Love Marriage – Monica Ali

Love Marriage – Monica Ali

At first, for some reason, I wasn’t that keen on reading this one and then a friend, whose taste aligns with mine, suggested it. And I am glad because I really enjoyed it.

Here’s the blurb …

In present-day London, Yasmin Ghorami is twenty-six, in training to be a doctor (like her Indian-born father), and engaged to the charismatic, upper-class Joe Sangster, whose formidable mother, Harriet, is a famous feminist. The gulf between families is vast. So, too, is the gulf in sexual experience between Yasmin and Joe.

As the wedding day draws near, misunderstandings, infidelities, and long-held secrets upend both Yasmin’s relationship and that of her parents, a “love marriage,” according to the family lore that Yasmin has believed all her life.

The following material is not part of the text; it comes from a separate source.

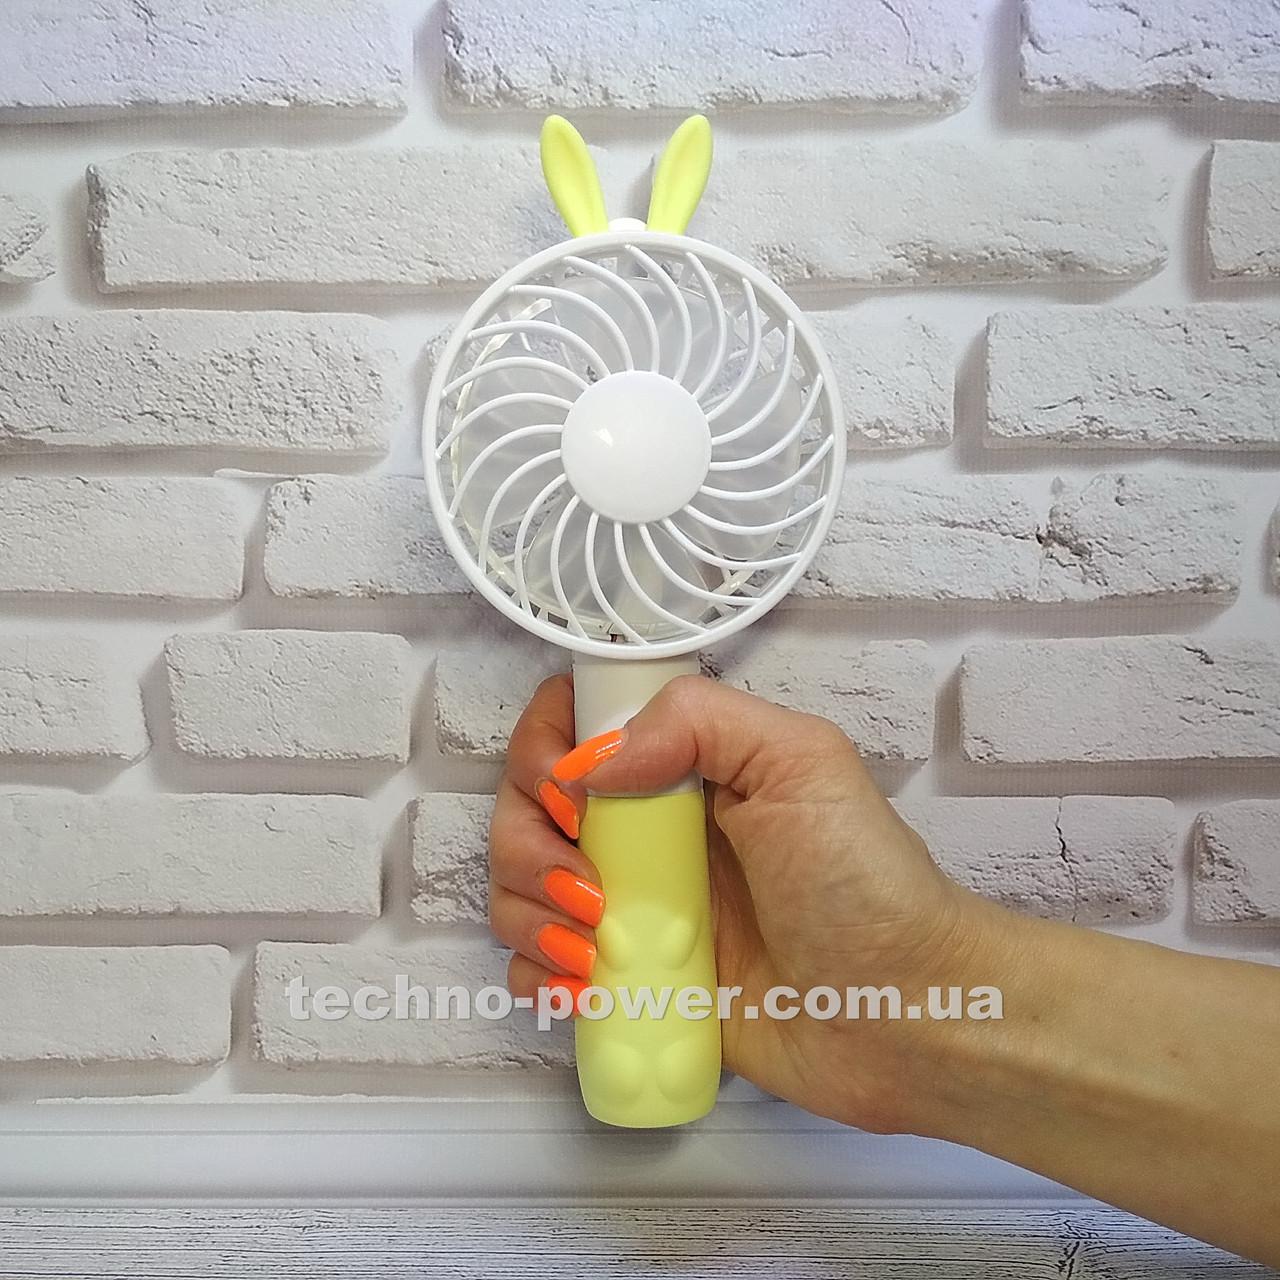 """Ручной мини-вентилятор на аккумуляторе Princess Rabbit Yellow. Портативный мини вентилятор """"Кролик"""" Желтый"""
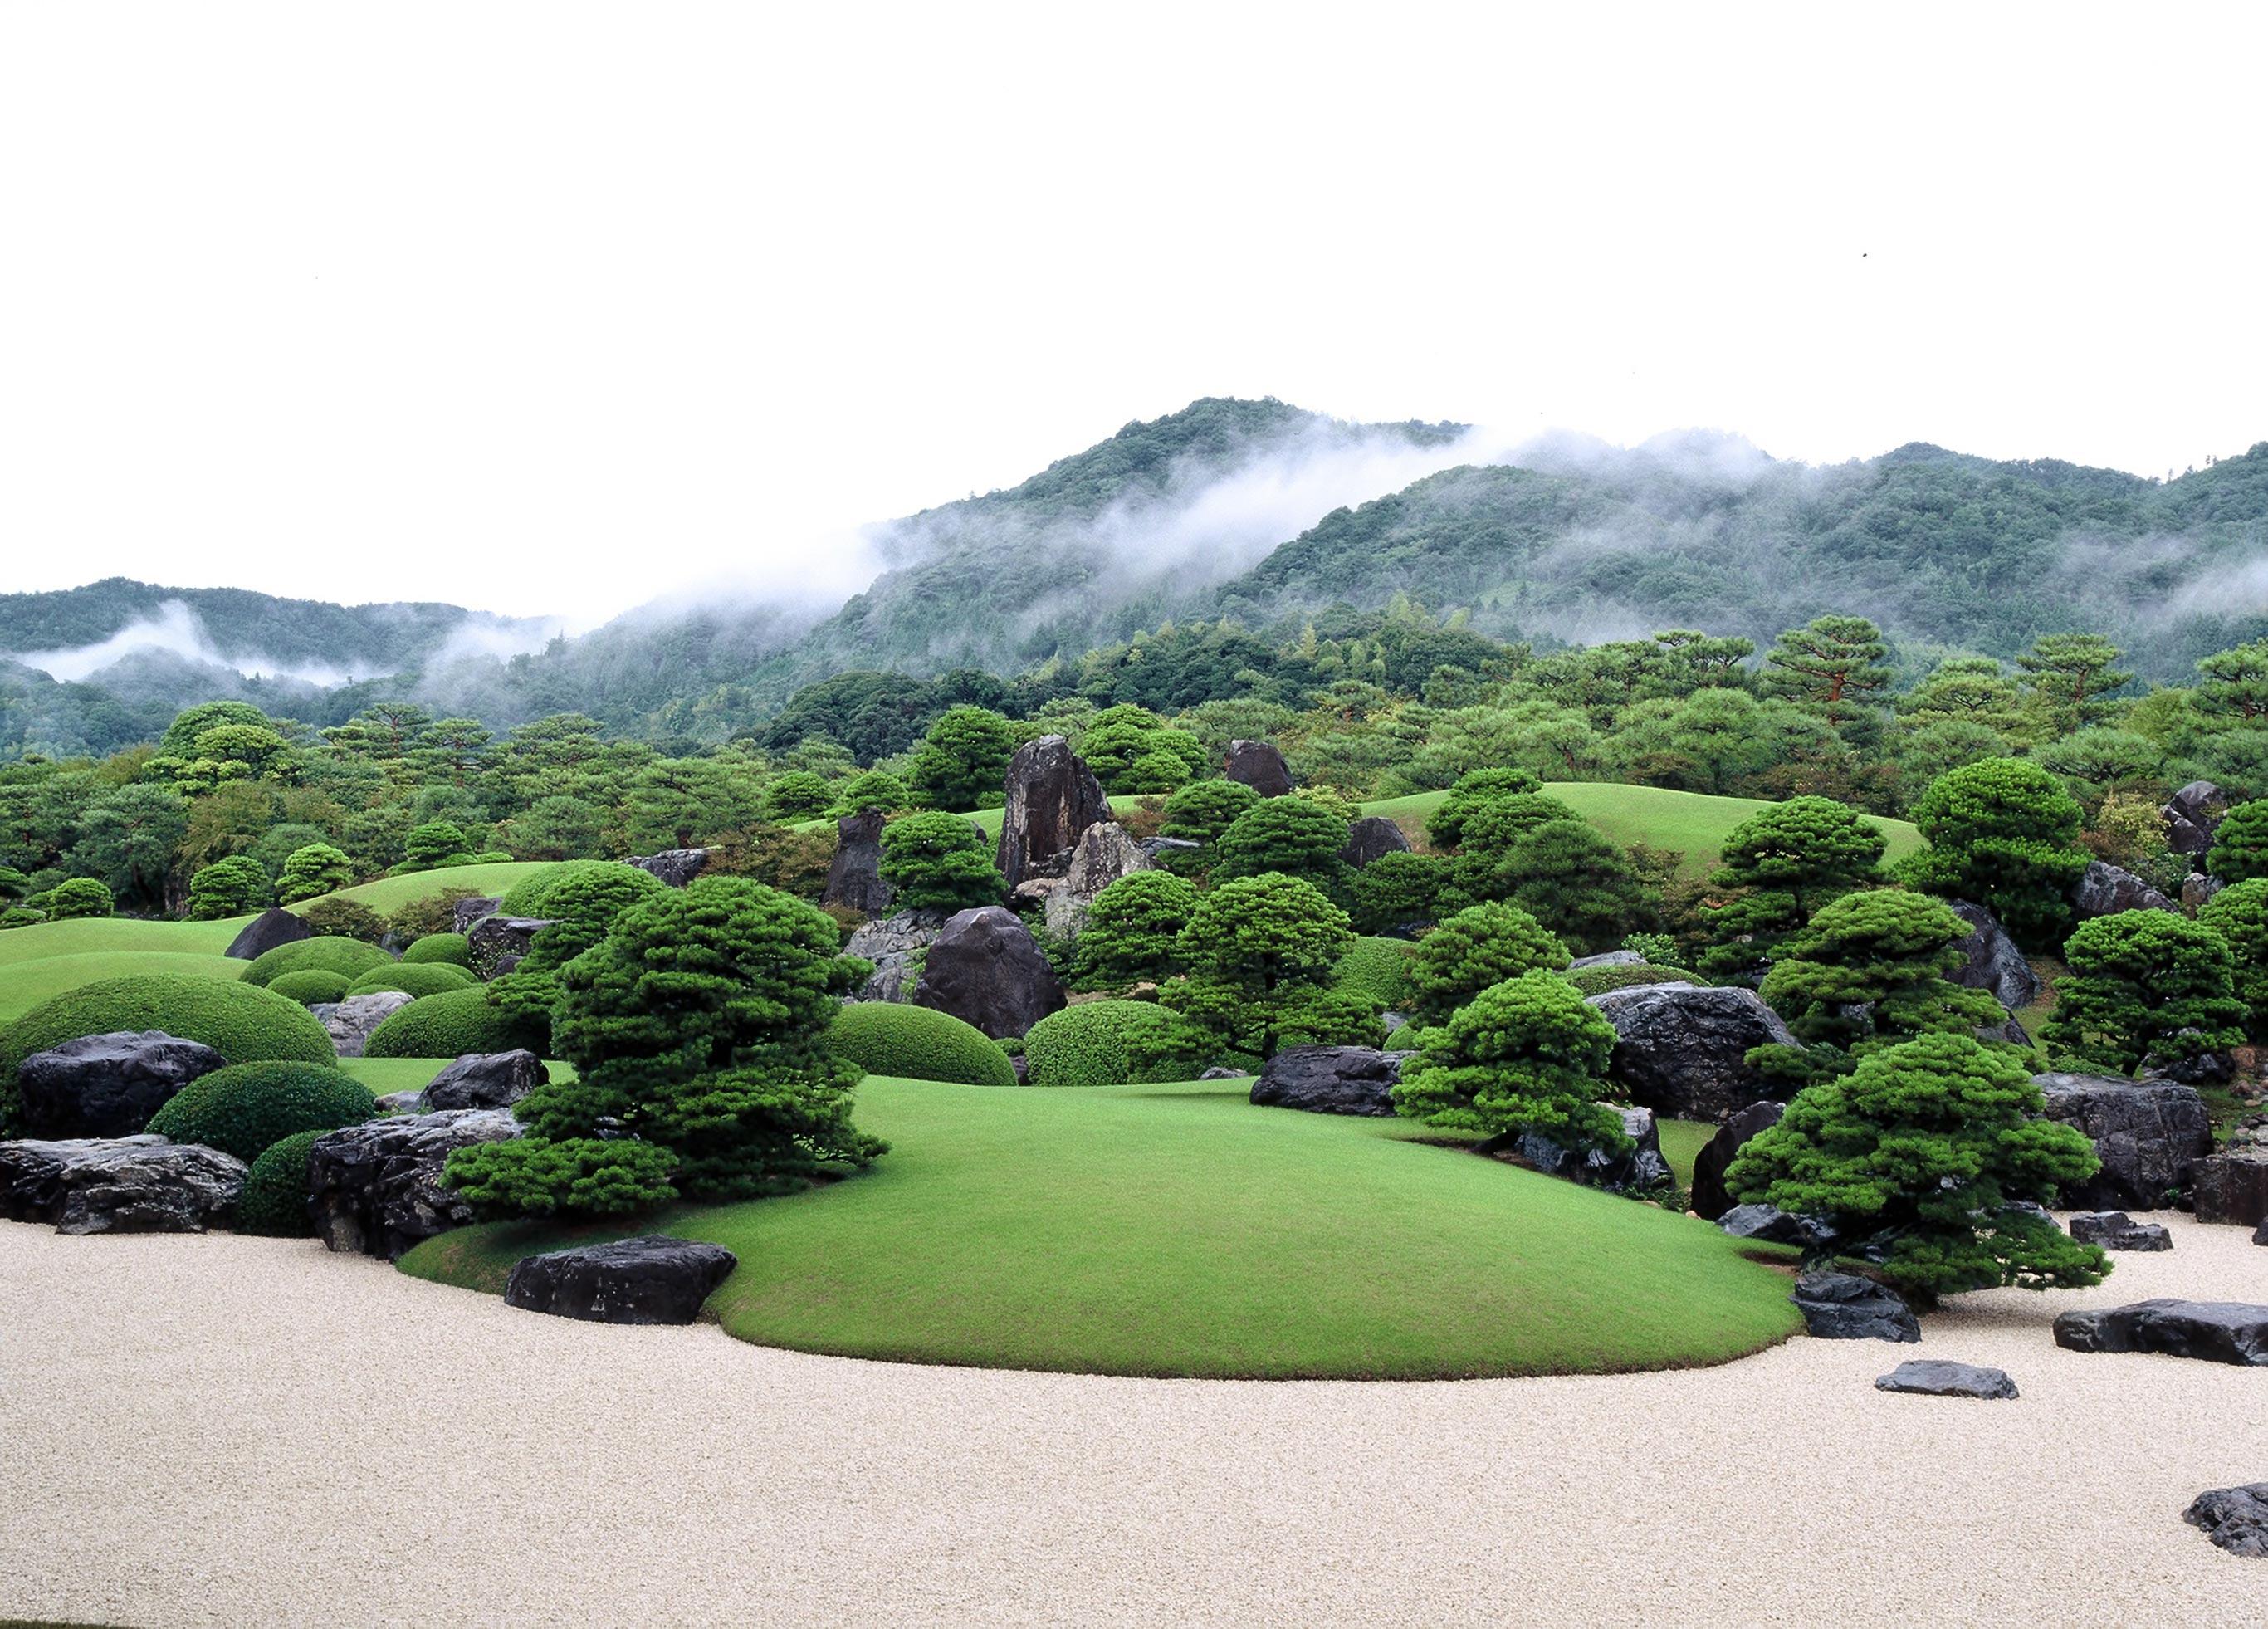 自橫山大觀的作品發想而來的白砂青松庭。另有枯山水庭等總計6個庭園

A gloriously acute observer of class, sexual mores, and the mysteries of the human heart, Monica Ali has written a “riveting” (BookPage, starred review) social comedy and a moving, revelatory story of two cultures, two families, and two people trying to understand one another that’s “sure to please Ali’s fans and win some new ones” (Publishers Weekly).

It’s about human connection and relationships in all their different forms; mothers and sons, fathers and daughters, mothers and daughters, siblings, friends, lovers, colleagues and along the way there is casual racism and overview of the failures of the NHS, Islamophobia and psychotherapy.

It’s beautifully written, very easy to read. The characters are nuanced; troubled, selfish, kind, generous, unhappy and happy.